2) Motion control – This system has been the most exciting addition to date. Several things have been tweaked. One big problem is that the running lights (strobes) seem to have enough discharge to reset the Motorola chip during flight which requires a restart, so those have been placarded as inoperative until a RF or magnetic shield can be installed. One big advance we made was explaining to the computer the amount tof time it takes the piston to travel from one end of the stroke to another. Before, especially during turbulance, the computer would attempt to make changes too suddenly and much faster than the inertia of the simulator could be changed. Now that it understands the times, it delays changes (a few hundredths of a second) which maximizes the motion effects.

3) Universe realism – Ian has been working the last several weeks on texture mapping the docking facilities and a few ships. To add an atmosphere of tension he added a floating man who died of unknown causes and is tumbling out there somewhere as we speak. We are not sure how to locate him but if we stumble across him it will be quite dramatic (or should I say traumatic).

4) Aerodynamics – A recent 4 month project that was just completed is taking the Audrey design and proving through simulated wind tunnel tests that the vessel, if constructed in its entirety, would actually be safe and stable for flight into and out of the Earth’s atmosphere.
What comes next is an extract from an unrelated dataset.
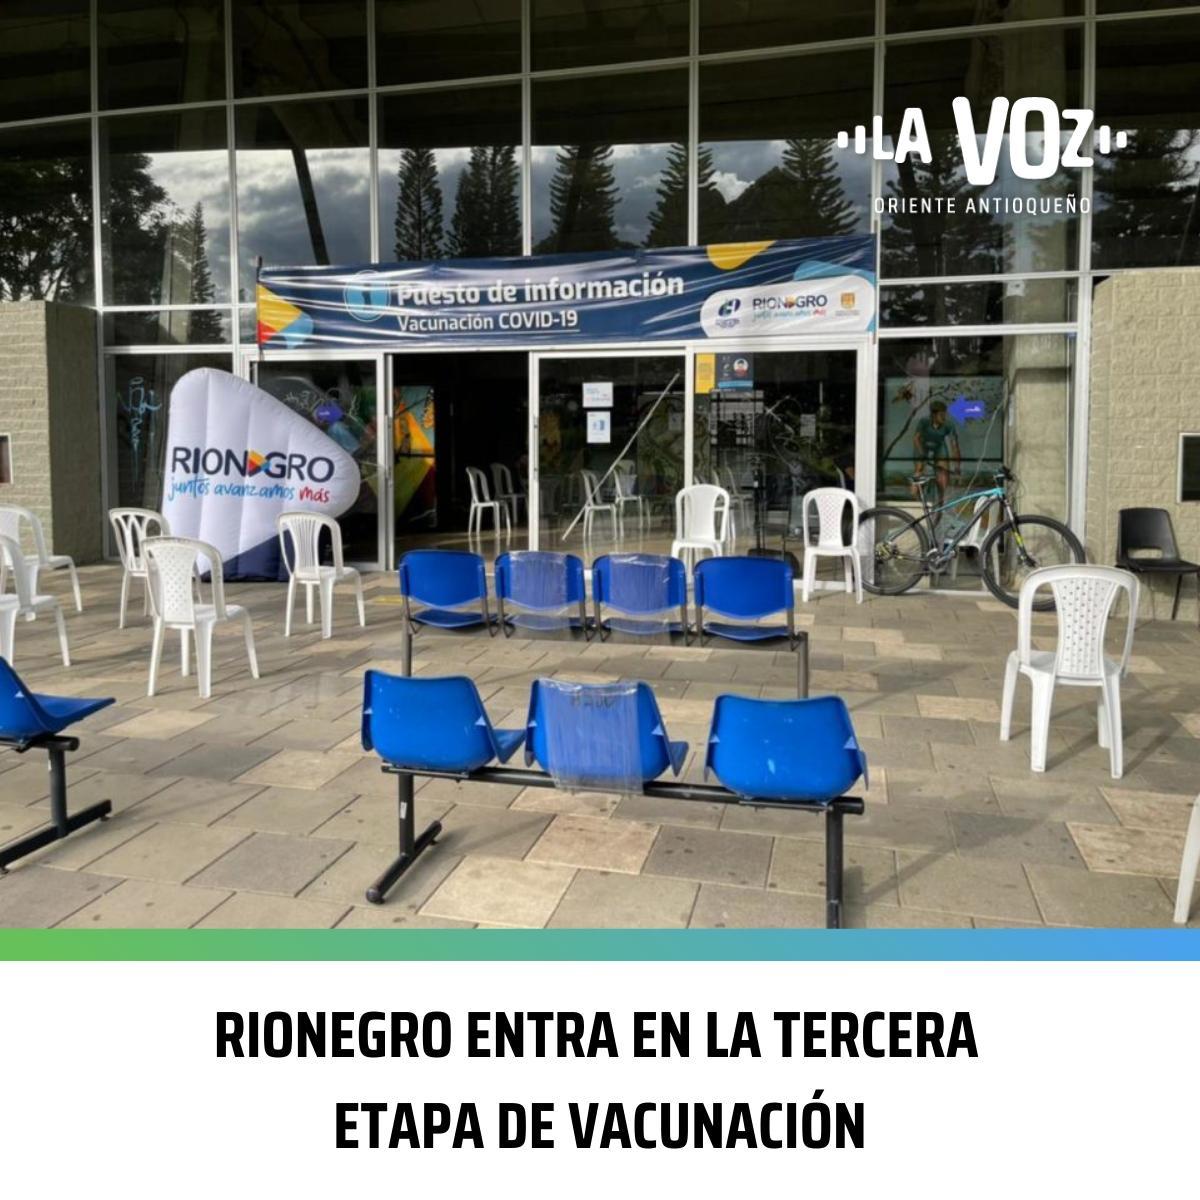 Rionegro entra en la Tercera Etapa de Vacunación

Some small modifications had to be made but otherwise the overall design is sound. The complete 17 page report will be made available in the Wind Tunnel section under Active Remote Access.

We hope to do the following for this site in the near future…
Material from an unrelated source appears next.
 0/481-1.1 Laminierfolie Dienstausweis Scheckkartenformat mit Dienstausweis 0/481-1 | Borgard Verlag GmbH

1) New pictures – The cockpit has really changed so much, most of the panels are backlit now and the flight controls have been completely replaced and reinstalled in a sidestick configuration (similar to the Airbus(tm) series of commercial airliners).

2) Construction zones – The few areas that have been under construction for quite some time will be added. Primarily, we want to make our training manuals and specifications available over the Internet and possibly offer flights (as passengers and eventually train for flight crew positions) to the public.